Deep down, even the iPad knows: it was never meant to be a camera. It was meant to be a rectangle with ambitions.
📺 Nobody younger than me is watching linear TV (!)
Paramount Global is laying off 3.5% of its US workforce because, shocker, no one is watching cable TV anymore. Not even out of nostalgia. Not even my Bachelor students, who treat linear TV the same way they treat fax machines: with a mix of curiosity and disbelief. This is what a structural collapse looks like. The business model built on bundling ads with content you didn’t ask for and forcing people to watch it on someone else’s schedule is… dead. Buried. Disinterred occasionally for reruns and congressional hearings.
Meanwhile, Paramount’s leadership seems stunned that a network designed for prime-time soap operas is losing to infinite-scroll TikTok chaos and Netflix’s personalized dystopia. What did they expect? That Gen Z would sit through detergent commercials to maybe catch five minutes of NCIS: Des Moines?
This it’s about reality finally catching up to a media model that’s been hollowed out for years. You can’t patch this with another reorg. You either become a tech company or become a trivia question. LINK
The strange death of the 🇩🇪 German auto industry
🇩🇪 Germany just got hit with a 100,000-job industrial reality check, and if you look closely, you can almost hear the electric motors whirring past the bodies. According to the latest EY data, nearly half of those job losses came from the auto industry, a sector once so proudly German it basically was the economy. But now, between Chinese EV imports, flatlining European demand, and the logistical nightmare of remaking Wolfsburg into Shenzhen-with-sausage, the wheels are literally coming off.
It’s the kind of transformation that’s less about innovation and more about entropy. And the brutal irony? While companies like Waymo are rewriting the rules of transport (e.g., with no drivers, no unions, no 4 a.m. shifts) Germany is still arguing over bureaucratic reform and the price of electricity. Meanwhile, the entire logic of industrial policy is collapsing like an overengineered, undercharged sedan. Because the future doesn’t wait for regulatory clarity or the next auto expo in Frankfurt.
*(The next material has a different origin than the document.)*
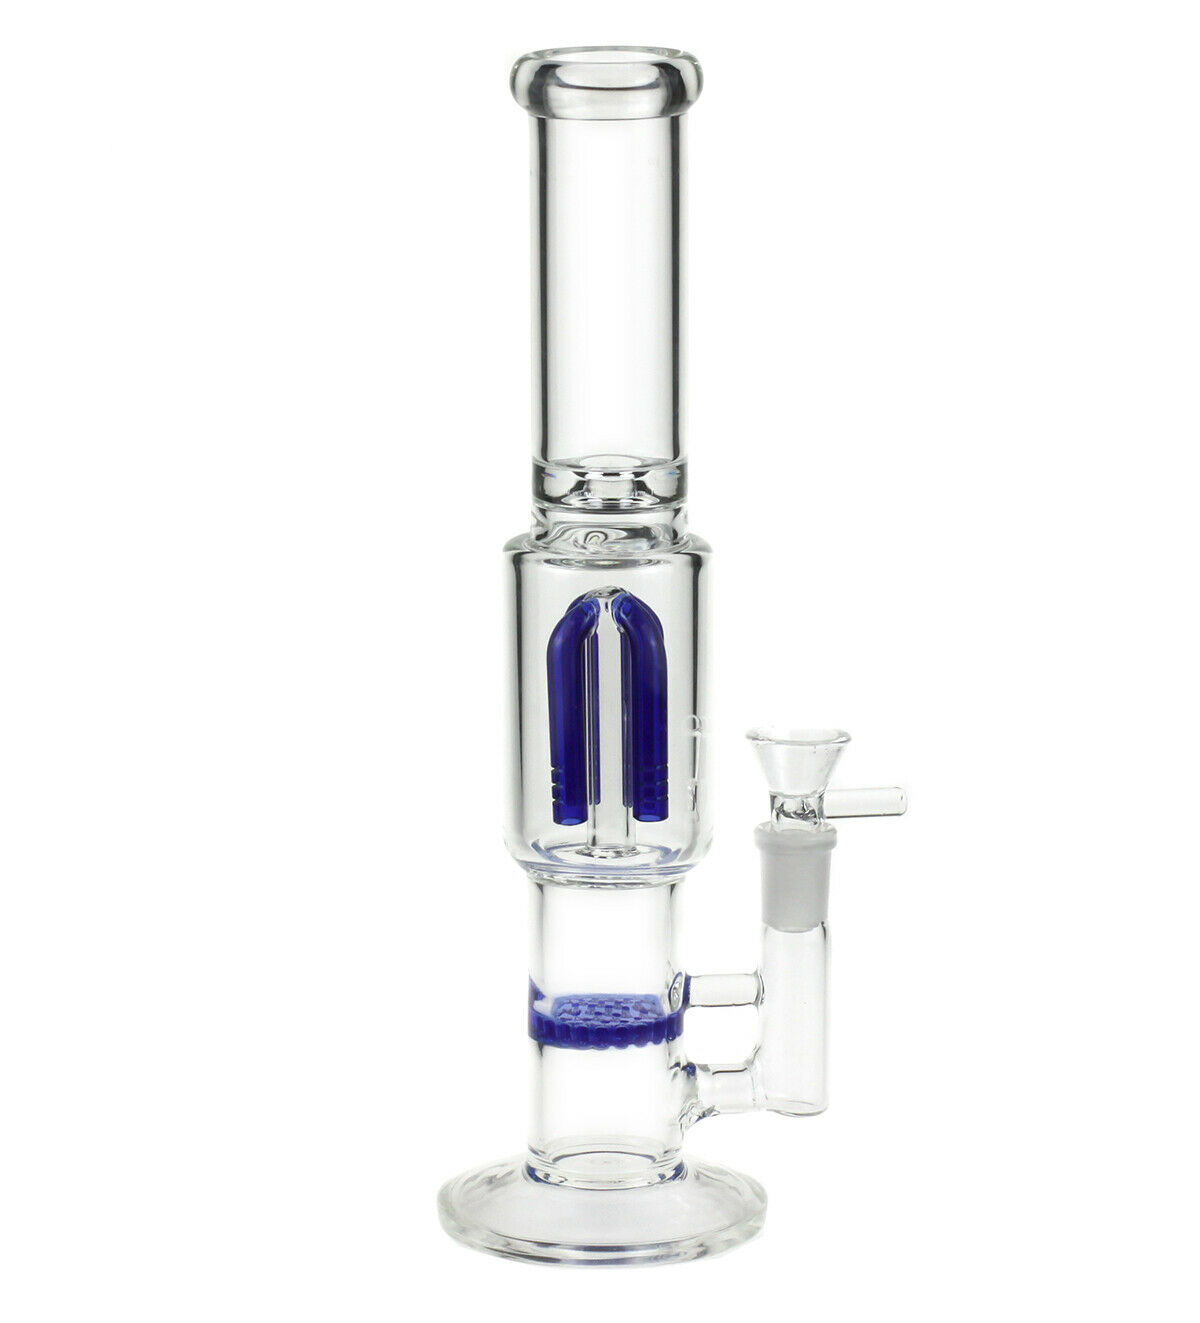 

11 Inch Tall glass bong & Hookahs Oil rig Morty water bongs Pipe with 14mm bowl/ ice catcher classical smoking pipes Hookah

It arrives quietly, autonomously, and with no one in the driver’s seat.
The future isn’t something we enter. It’s something we build. But only if we’re willing to let go of the comfort of the familiar and ship something new. The German auto industry isn’t suffering from a lack of engineers, but it’s suffering from a lack of nerve.
Because in the end, it’s not the technology that’s missing. It’s the courage to change before you’re forced to. LINK
p.s. This is a warning for all countries interconnected to Germany in the automotive supply chain.
🇪🇺 EU vs. 🇸🇻El Salvador
You know Europe’s geopolitical relevance is slipping when the Brussels bureaucracy starts beefing with a Bitcoin president on X (Twitter). The EU issued a stern, vaguely condescending statement about El Salvador’s new Foreign Agents Law. And Nayib Bukele, who once governed a country known mostly for remittances and headlines from the 1980s, responded by body-slamming the entire European project in 280 characters: overregulated, aging, unelected, and still obsessed with telling everyone else what to do.
And honestly? He’s not wrong. The EU is like the guy who walks into the startup demo day to offer governance advice from a desk job he’s held since 1997. It’s a bloc running on bureaucratic fumes: tech-lagging, energy-fragile, and somehow still convinced it’s the global conscience. But El Salvador wasn’t even in the room five years ago. Now it’s issuing monetary experiments, cleaning up crime, and apparently annoying the Foreign Affairs Office in Brussels enough to warrant an official memo.
If Europe’s trying to hold Bukele back, it’s not because he’s failing. It’s because, awkwardly, he might be succeeding and doing it without their permission.